Collins and Brooks then asked the speaker how much they thought the other person was paying attention to them. The results surprised them: There was no difference across the three conditions, with the speaker rating each listener about a 5 on a 7-point scale in terms of attentiveness.

To rule out the possibility that people are dividing their attention and continuing to engage with speakers, they staged another experiment in which partners again conversed over Zoom, but the researchers garbled the sound 0 percent, 25 percent, 50 percent, or 75 percent of the time. Once again, speakers rated listeners’ attentiveness in each of these conditions at about the same level, dipping only slightly in the most garbled case.

“It seems people are able to act like they are listening really well, even when they can’t hear their partner,” Collins says.

The researchers say that just because people seem to be listening when they aren’t doesn’t mean they are being deceptive or malicious. Our minds naturally wander during conversation; sometimes, we are even thinking about the last thing someone said and end up missing the next thing.
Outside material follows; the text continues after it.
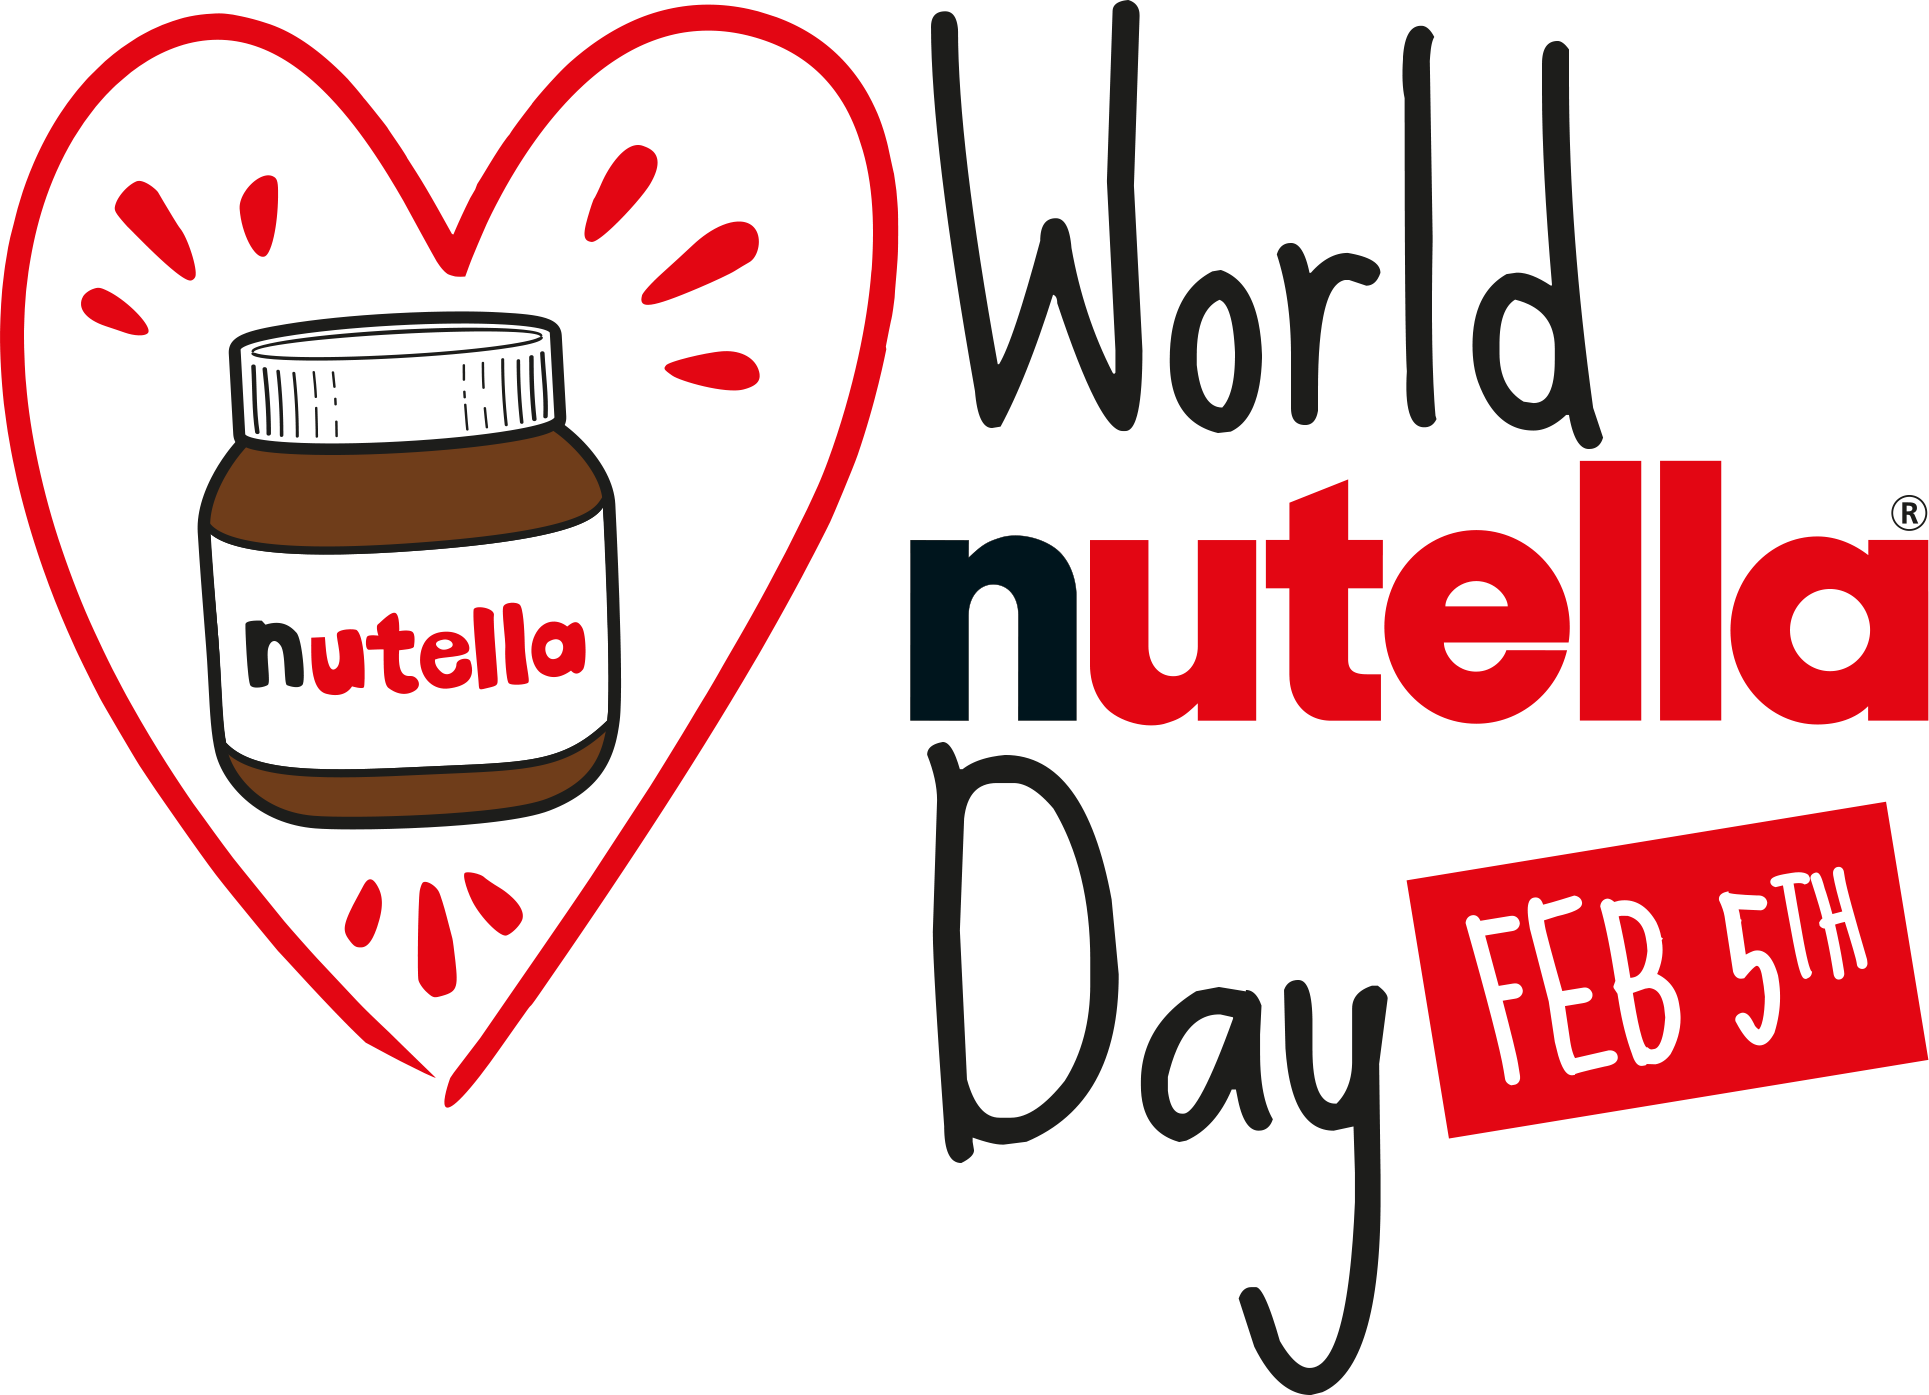 World Nutella Day - Feb. 5th

“We suspect that many people struggle with competing motives while they speak and listen,” Brooks says. “Their minds wander, but they also want to listen attentively and make their partners feel heard.”

The bigger takeaway from the research, the researchers say, is just how unreliable several nonverbal cues seem to be in indicating whether people are listening or not.

“This research suggests that even when people are tuning out, they are engaging in these common nonverbal and paralinguistic signals of listening, by smiling and nodding and leaning forward,” Collins says. “People also rely upon these cues to feign their listening, and they’re doing it effectively.”

Collins and Brooks are currently exploring how verbal cues—pausing and asking questions or calling back to things said earlier, for example—can prompt better communication.

“You can look for moments to check in and ask, ‘Do you understand what I’m saying?’ or ’Are we on the same page with that?’” says Collins. “Or even just pause in conversation and say, ‘I’ll give you a minute to sit with that.’”

On the other side, we can make people feel heard by remembering to ask questions and offering verbal feedback. It might help to think of it like a game, Brooks says.

“Conversation can be like a constant treasure hunt: What is my partner saying that I could follow up on?” she says. “The hunt for these nuggets can help you stay more attentive to the conversation, and keep your partner engaged, too.”

An even more powerful way to show you’re listening may be through “long-term listening cues,” like calling back from one conversation to an earlier one. For example, a boss who remembers an employee is going to a concert over the weekend can signal she cares on Monday morning by asking the employee about the show.

In moments where we find we aren’t paying attention, meanwhile, it may be as simple as apologizing and asking the speaker to repeat what they said—but many of us are reluctant to do that because it seems to show we didn’t care about what the other person was saying. In reality, however, it may demonstrate that you do care about the other person enough to understand them correctly, the researchers say.

“You are saying, I want to repair this because I think what you said is really important,” says Collins. “It’s better than them finding out three days later you weren’t engaged.”

More than anything, says Brooks, it’s important to give ourselves and other people grace, realizing that attention naturally waxes and wanes over the course of a conversation, and that fact doesn’t necessarily reflect how we feel about each other.

“We start talking when we are toddlers and do it our whole lives, so we think we should be experts at it,” she says, “but we often have very unreasonable expectations about how hard it is to talk and pay attention. No one is perfect at it.” Once we realize that, it may make it easier to occasionally stop a conversation and say: “I’m sorry, can you repeat that? I wasn’t listening.”